Wiki pages updated on ingest
Verification notes
- Source-internal inconsistencies in Tabela 9 (p.97): the Amazonas bean-to-bar chocolate row reports “0,50 (<0,04–0,16)” — mean 0.50 µg/kg above the stated maximum 0.16 µg/kg, which is mathematically impossible; the Bahia bean-to-bar chocolate row reports “0,01 (<0,04–1,11)” — mean 0.01 µg/kg appears inconsistent with 6 of 34 positive samples reaching 1.11 µg/kg. Values are reproduced verbatim from the thesis table; downstream synthesis should treat Tabela 9’s mean column as unreliable and use the range column plus positive-sample counts instead.
- The thesis Resumo (p.viii) reports ochratoxin A “em 20% e 30% das amostras” while the Chapter 3 results (Tabela 9, §3.3) document 13/43 = 30% bean detection and 12/62 ≈ 19% chocolate detection. The wiki page uses the table-derived figures (30% beans, ~19% chocolates) rather than the abstract figures.

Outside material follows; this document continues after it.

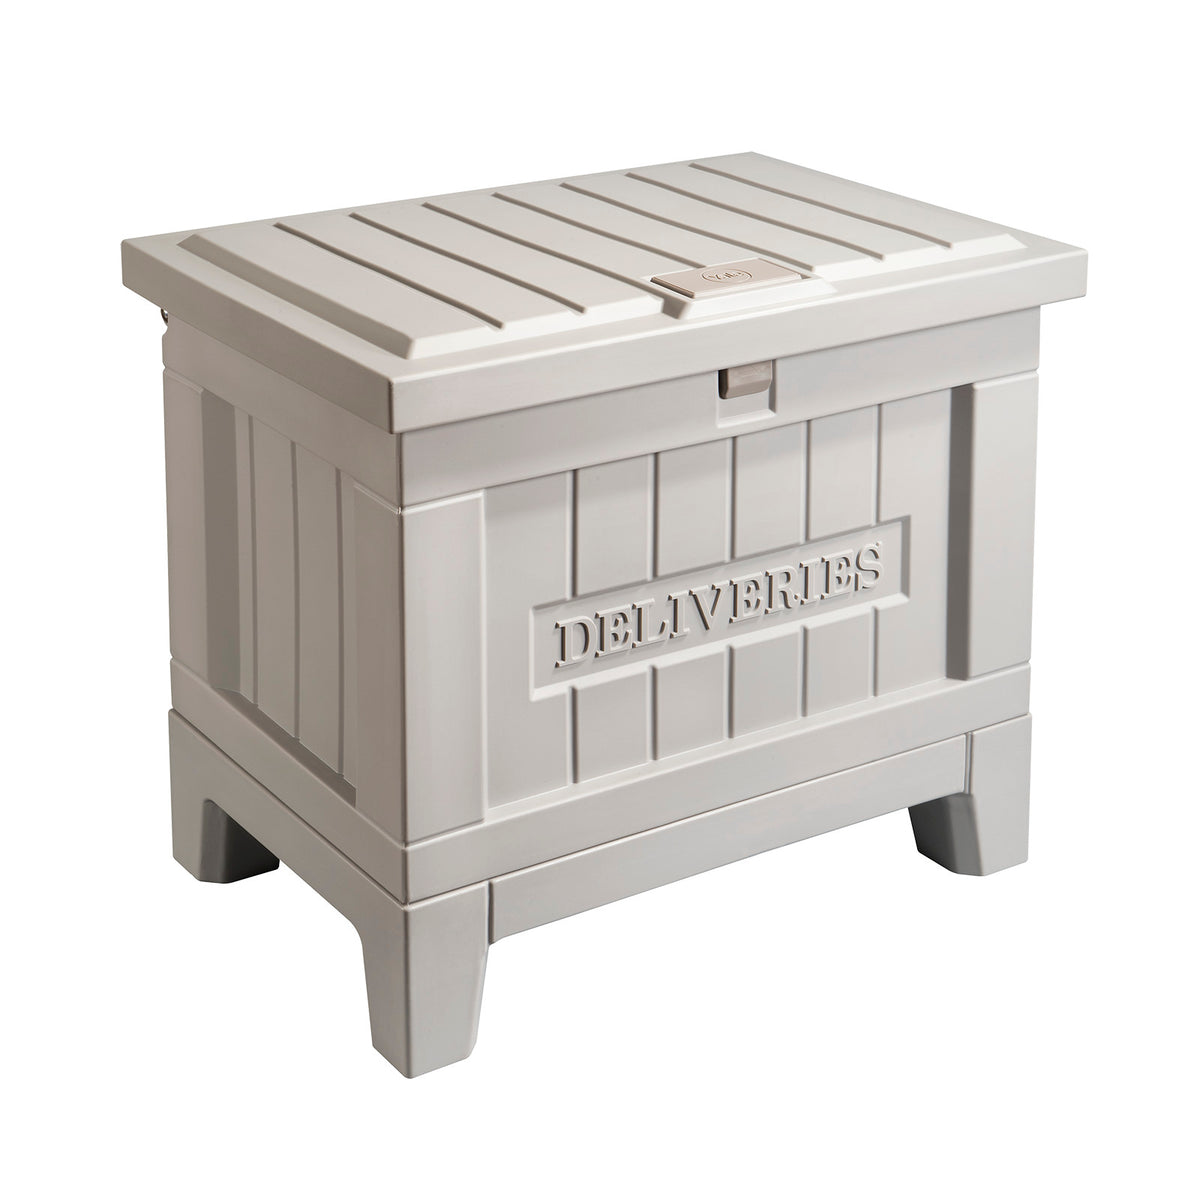 Yale Smart Delivery Box - Manor Gray, Kent Design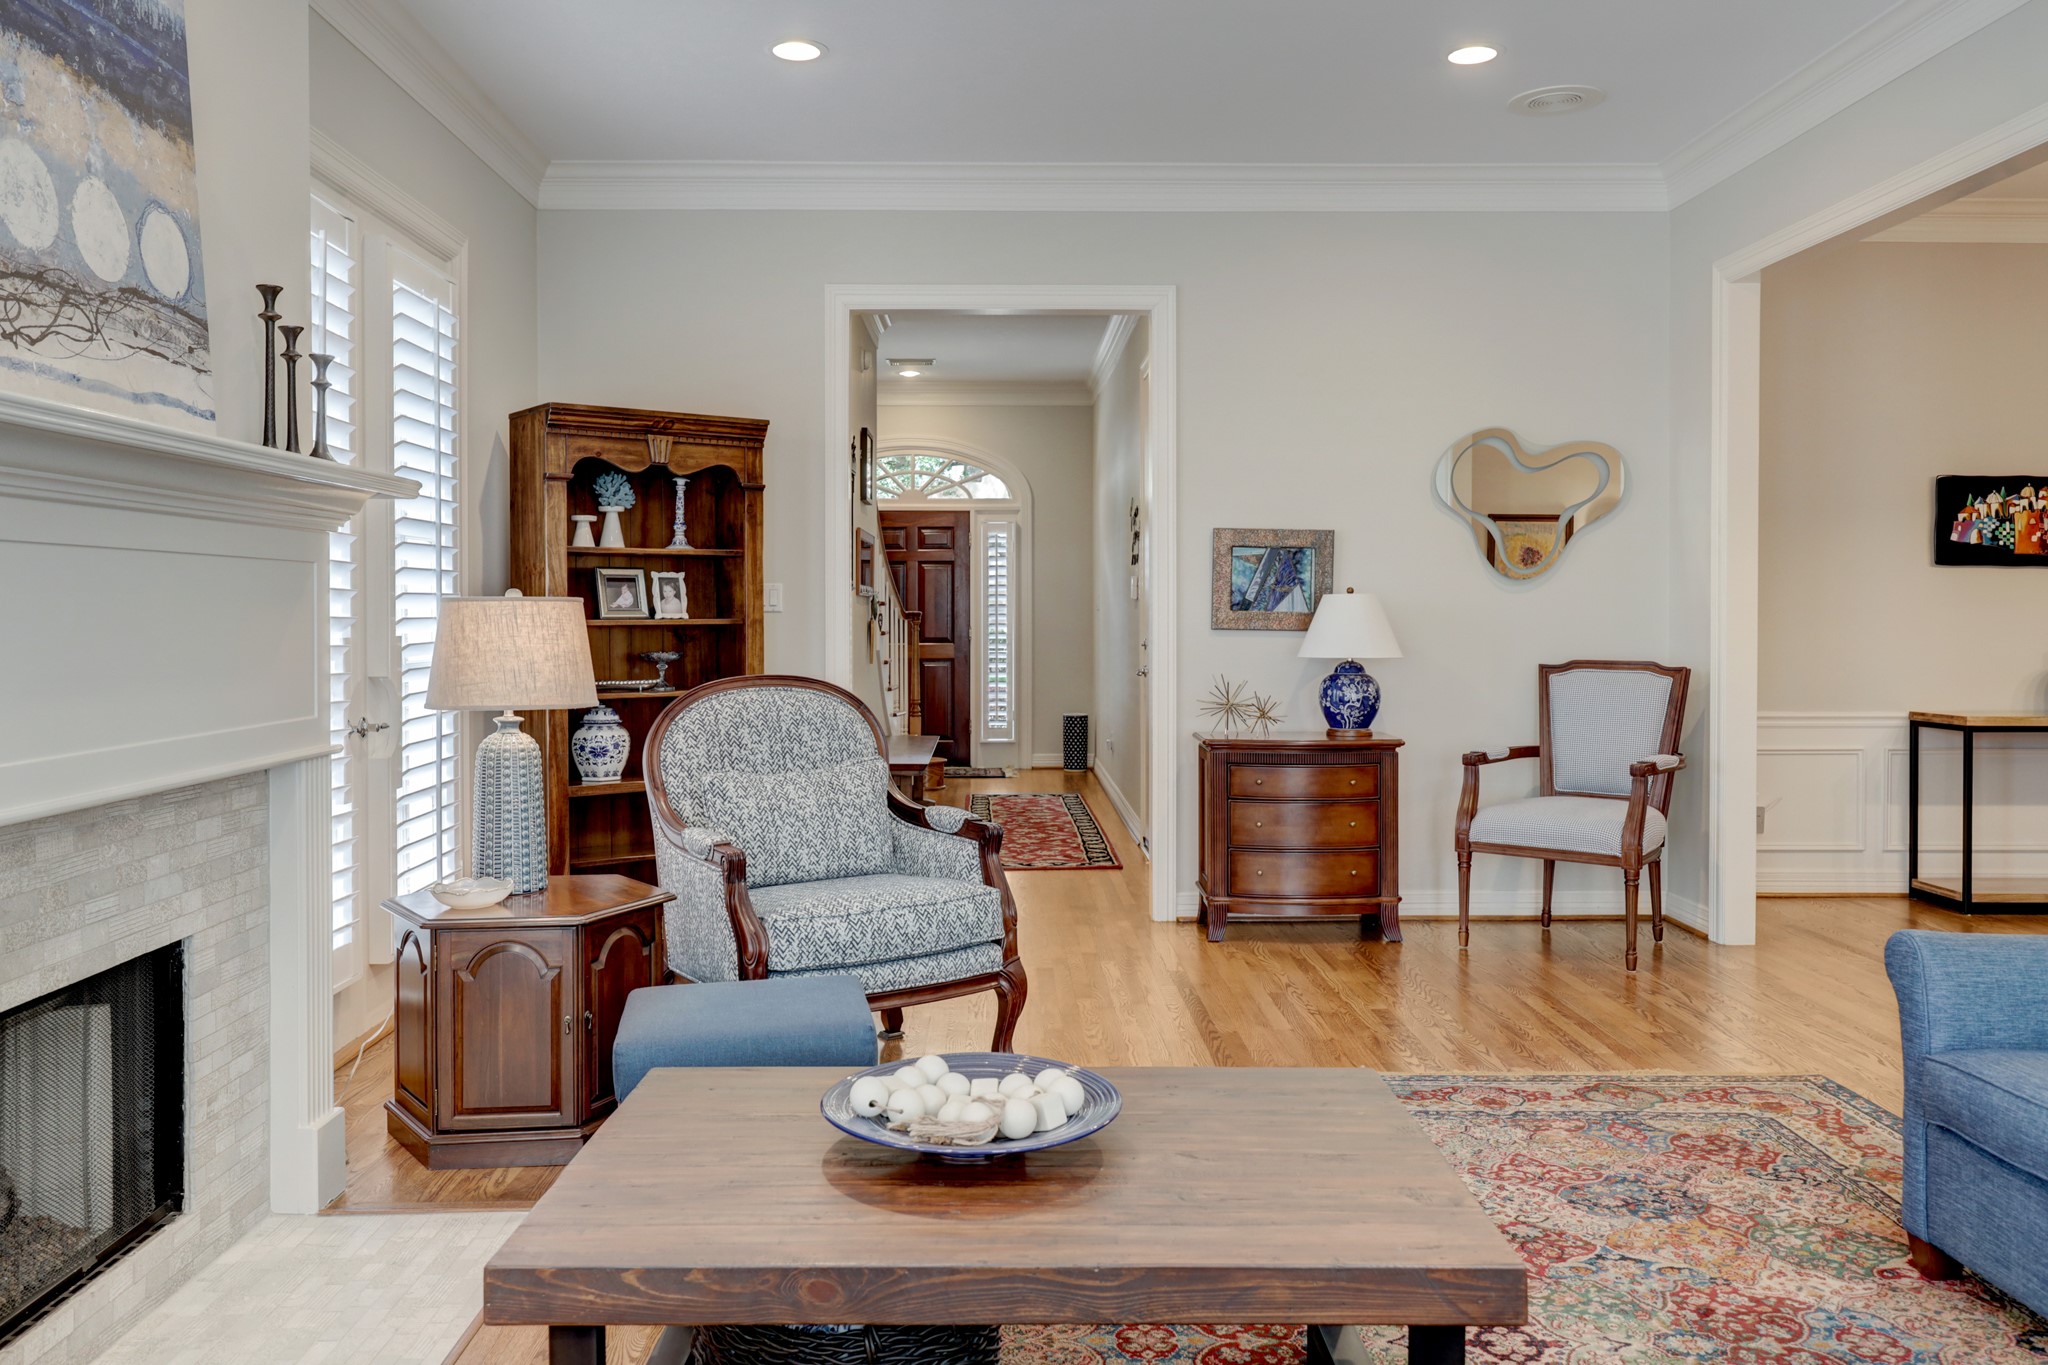 This view of the family room shows the foyer and entry. The powder room is conveniently tucked under the stairs of the entry hall.

- Cocoa-bean ICP-OES LOD for Pb is 0.057 mg/kg and for Cd is 0.171 mg/kg; several bean values are left-censored at “<0,17” or “<0,06” in source tables and the per-region “mean” lines include these censored values. The single Bahia bean Pb maximum of 0.313 mg/kg is the only quantified value driving the all-region Pb mean. Treat bean Pb/Cd quantification as left-censored-dominant.
- Audit subagent (2026-05-30) flagged matrices field as overspecified (used
cocoa-beans, dark-chocolate, milk-chocolate, white-chocolate, bean-to-bar-chocolate); corrected to the broad-scope canonical vocabulary[cocoa, chocolate]per docs/gpt-collaboration/system-prompt.md matrices guidance. - Audit subagent (2026-05-30) flagged Implications/Certification “flag for cobalt to enter HMTc cocoa-derivative analyte review” as crossing toward HMTc governance proposal; softened to a factual note that Co is not currently in the HMTc ten-analyte panel.